As described below, the fluorine-based resin porous membrane can control the thickness fluctuation rate in the transverse direction by stretching in the longitudinal direction and then stretching in the transverse direction before stretching in the longitudinal direction. This is due to the special properties of the porous membrane of the fluorine-based resin, and the fluorine-based resin has a high crystallinity of 98% or more, and because the interaction between polymer chains is very low, fibrillation is very easy during stretching. Do. In addition, the fibril thus formed has a reversible characteristic that contracts again when heated and returns to the node. Accordingly, after performing MD stretching that is higher than the actual stretching ratio, shrinking causes the orientation of the resin to change and the stress received by the sheet in the stretching process is reduced. In the present invention, by controlling this action, the fluctuation rate of the thickness of the porous membrane of the fluorine-based resin is controlled. The properties, namely thickness uniformity, were improved.

The thickness variation rate means thickness uniformity, and the lower the better. In the present invention, the thickness variation rate can be lowered by controlling the shrinkage ratio during the relaxation process, and as a result, the thermal shrinkage in the MD direction can be greatly reduced.

On the other hand, the fluorine-based resin porous membrane according to an embodiment of the present invention, a fine structure composed of a plurality of fibrils and a plurality of nodules connected to each other by the fibrils form a porous porous structure.

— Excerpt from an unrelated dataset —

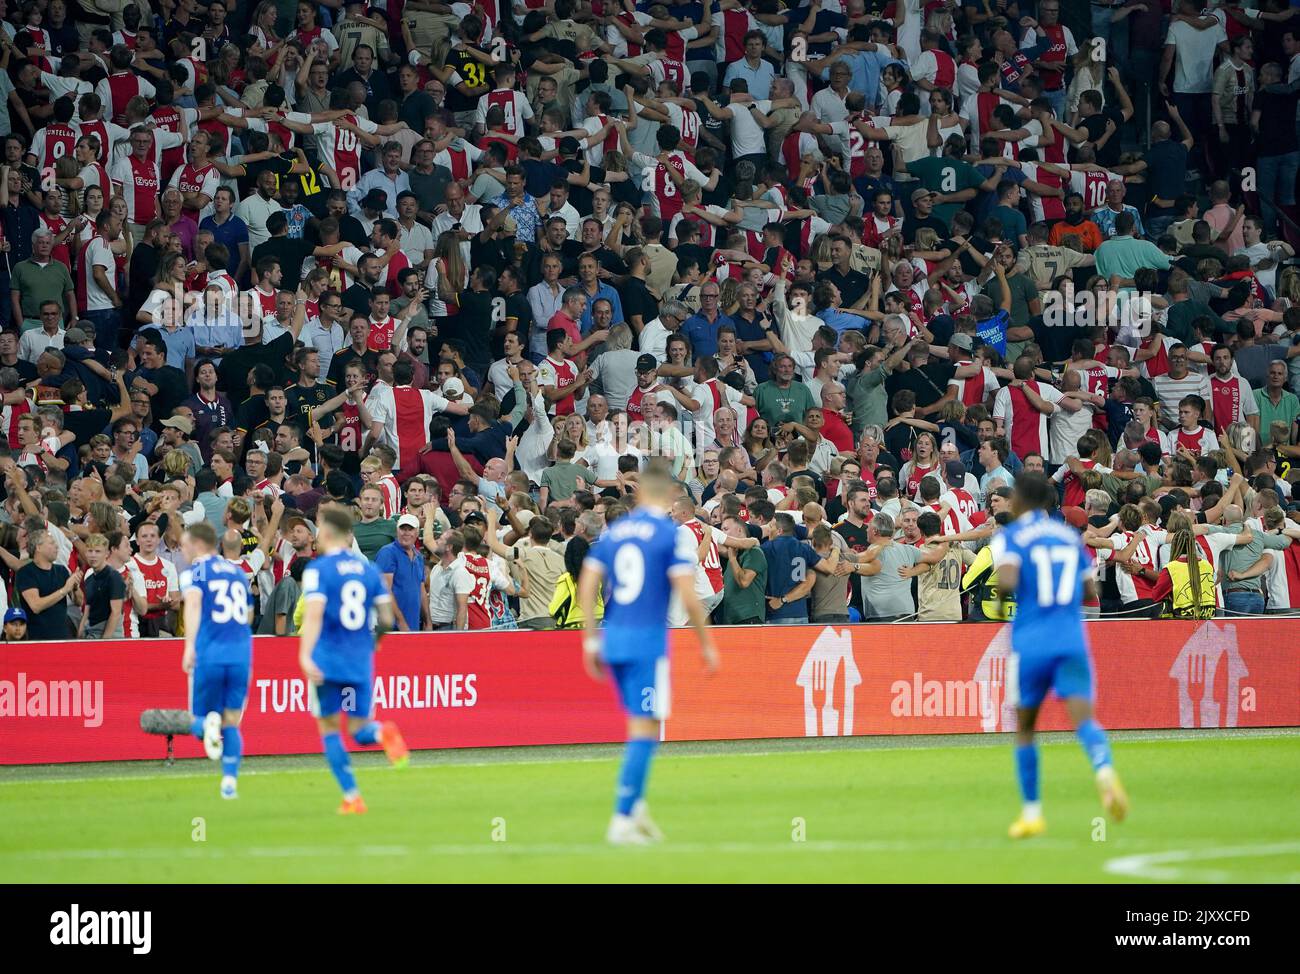 Ajax-Fans auf den Tribünen während des Spiels der UEFA Champions League Group F in der Johan Cruyff Arena in Amsterdam, Niederlande. Bilddatum: Mittwoch, 7. September 2022. Stockfoto

The pores included in the structure can be adjusted by controlling the draw ratio and conditions during the manufacturing process. Accordingly, in the present invention, the average diameter (Mean Pore Size) of the pores included in the fluorine-based resin porous membrane through optimization of manufacturing conditions is 0.02 μm to 0.3 μm, and the maximum diameter of the pores (Max Pore Size) is 0.03 to 10.0 μm. Can be By including pores satisfying the above range, it is possible to exhibit excellent filtration efficiency without deteriorating the permeability. When considering the remarkable effect of improving the control of pore size, more specifically, the average diameter of the pores contained in the fluorine-based resin porous membrane is 0.1 to 0.3 μm, and the maximum diameter of the pores may be 0.3 to 0.5 μm, , More specifically, the average diameter is 0.2 to 0.3 µm, and the maximum diameter of the pores is 0.3 µm or more and less than 0.4 µm, and the ratio of the average diameter of the pores and the size of the maximum diameter (the ratio of the maximum pore diameter / average pore diameter) is Micropores of uniform size may be formed in 1 or more and less than 2.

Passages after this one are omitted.